Lab 11

Grid Localization using Bayes Filter

Localization in Simulation

Before deploying on the real robot, I ran the notebook lab11_sim.ipynb and verified that the same localization results was found in lab 10. The virtual robot successfully localized after a single 360 degree observation loop. This is shown in the screenshot of the final plot (red odom, green ground truth and blue belief ) below.

Simulation Localization

Real Robot Implementation

I mostly reused the scanning code from previous labs (e.g. lab 9 and 10).

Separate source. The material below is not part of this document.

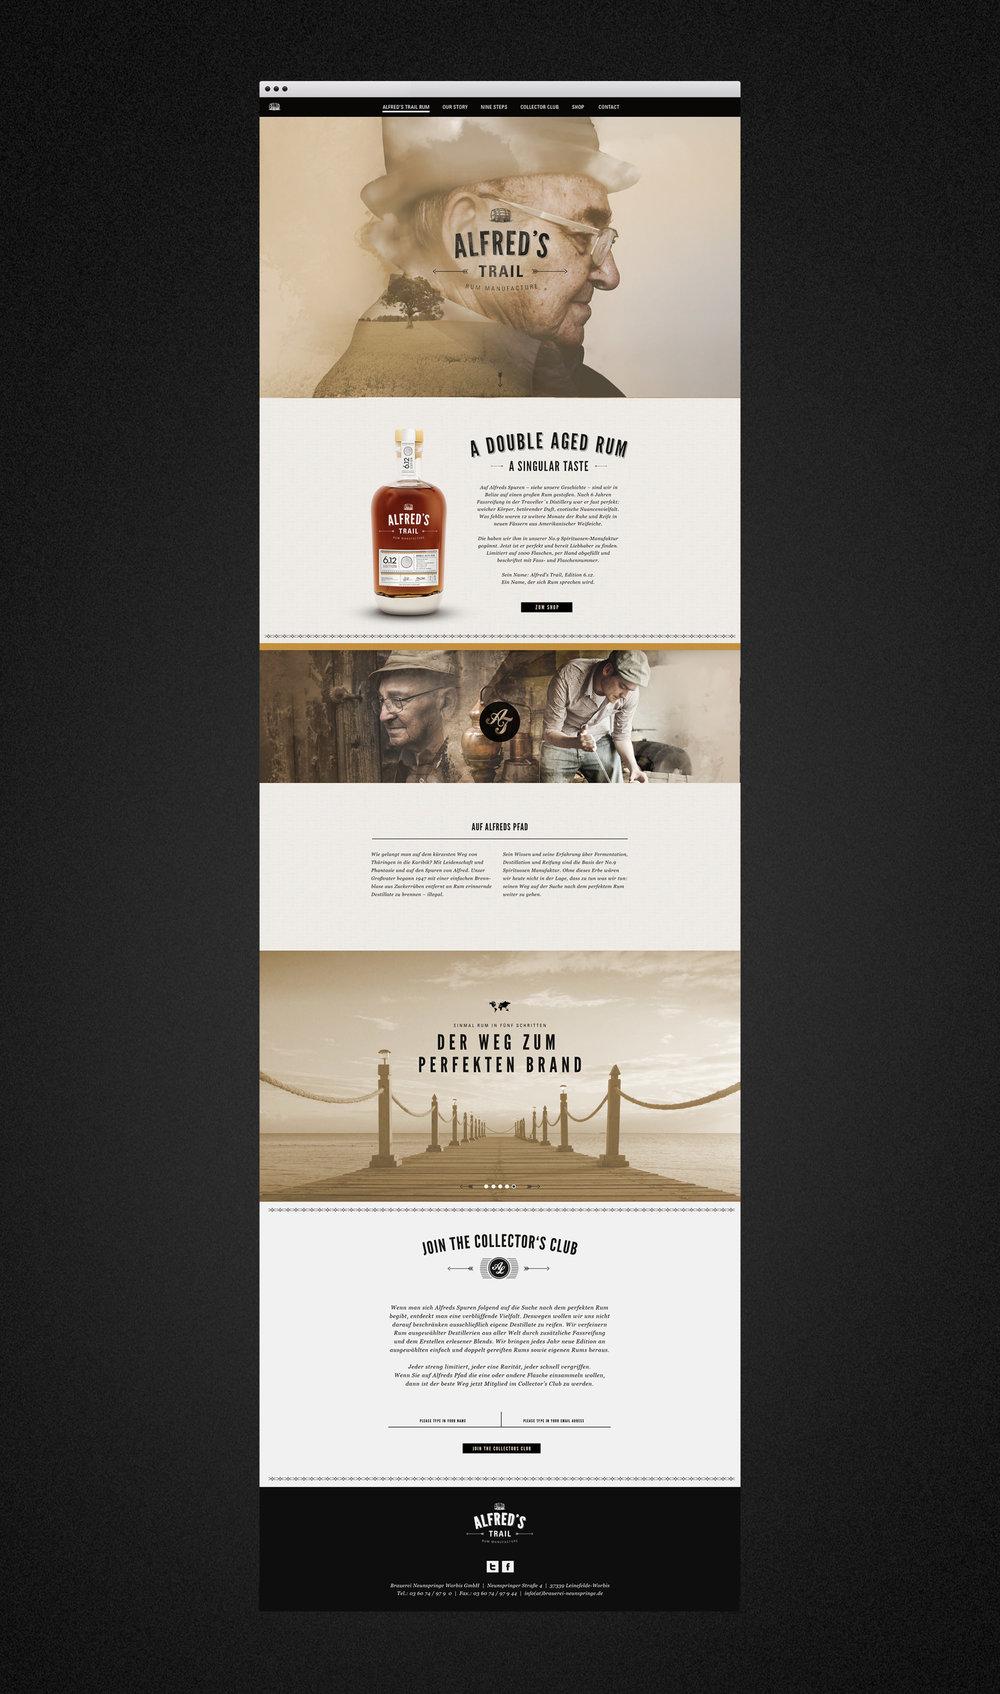 Web Design für die Webseite von Alfred´s Trail Rum Manufacture / Number Nine Spirituosenmanufaktur. Gestaltung und Umsetzung von dem Designstudiosons of ipanema aus Köln.

The only change I made was slightly adjusting the scanning commands to support a done flags in commands START_SCAN and SEND_SCAN_DATA so Python knows when to proceed to the next step.

Arduino

I implemented the member function perform_observation_loop of class RealRobot that performs the observation loop behavior on the real robot and return two column numpy arrays: ToF range values in meters and sensor bearings in degrees. Note that I had a preexisting SEND_SCAN_PARAMETERS that takes in number steps, degrees of a turn step, settle in ms, and the timeout time in ms.

perform_observation_loop

Real Robot Localization Results

I then placed my car at each of the four marked poses (facing 0 degrees): (-3, 2), (0, 3), (5, -3), and (5,3). I then run only the update step with a uniform priot using the sensor measurement data to localize the robot, and then recorded the belief state.

Pose (ft, ft, deg)Ground Truth (m)Belief (m)Error (m)Probability
(-3, -2, 0°)(-0.914, -0.610, 0°)(-0.914, -0.914, 170°)(0.000, -0.3044)1.0
(0, 3, 0°)(0.000, 0.914, 0°)(-0.305, 0.914, -170°)(-0.305, 0.000)0.9999999
(5, -3, 0°)(1.524, -0.914, 0°)(1.829, -0.610, -170°)(0.305, -0.3044)0.9999999
(5, 3, 0°)(1.524, 0.914, 0°)(1.524, 0.610, 170°)(0.000, 0.3044)1.0

Video of the robot performing localization for two of the poses is as follows: Real Life Localization Localization

The true position of the robot is the green dot while the belief based on localization is the blue dot.

Pose (-3 ft, -2 ft, 0 deg)

(-3,-2) Localization The robot localized perfectly in x but showed y-error of 0.3044 m (0.6096 m expected; -0.914 m real). This corner position has distinctive sensor readings from the nearby walls, resulting in high confidence (prob = 1.0).

Pose (0 ft, 3 ft, 0 deg)

(0,3) Localization The robot localized showed an x-error of 0.305 m (0 m expected; -0.305 m real) but localized perfectly in y. This position near the top wall provided strong sensor readings in the y-direction.

Pose (5 ft, -3 ft,0 deg)

(5,-3) Localization This was the worst performance out of all the poses. The robot showed both an x-error of 0.305 m (1.524 m expected; 1.829 m real) and 0.3044 m y-error (0.9144 m expected; 0.610 m real).

Pose (5 ft,3 ft, 0 deg)

(5,-3) Localization The robot had perfect x-localization with 0.3044 m y-error (0.9144 m expected; 0.610 m real). The top-right corner’s asymmetriy allowed the filter to resolve its position with high confidence.

Discussion

The Bayes filter achieved pretty good results at all four tested positions, with belief probabilities at or near 1.0 in every case.

The robot performed localization at similar success at all poses since the corner and near-wall positions used in this lab provide the ideal conditions for ToF-based localization. Each 18-reading scan produces unique readings that strongly constrains which grid cell matches. Also, ToF sensors are most accurate at range <4 m (refer to lab 3 for the long mode specifications), and all test positions were within 1-2 m of at least one wall.

However, when errors did exist, I found that errors were always of approximately 0.3044 m or 0.305 m (exactly one grid cell). This is mostly likely due to grid discretization (any ground truth position between grid centers will snap to the nearest cell) since the error values are consistent. Other possibilties are robot placement uncertainty or the natural movement (robot would occasionally move over the course of its 360 spin).

Also to note, the belief angles show values of |170 degrees| instead of 0. This is a result of the 20 deg resolution (18 cells x 20 deg = 360 deg) where the robot is within one grid cell of true 0 degrees, with the discretization causing it to snap to the neighboring cell or when it did not do a perfect 360 turn.

Although the robot performed well at these poses in the lab, I think localization would perform poorly in more ambigupus poses, like open range regions (far from walls) or symmetric positions.

Acknowledgements

I referred to Lucca Correia and Adian McNay’s lab reports from Spring 2025. I also used ChatGPT for formatting.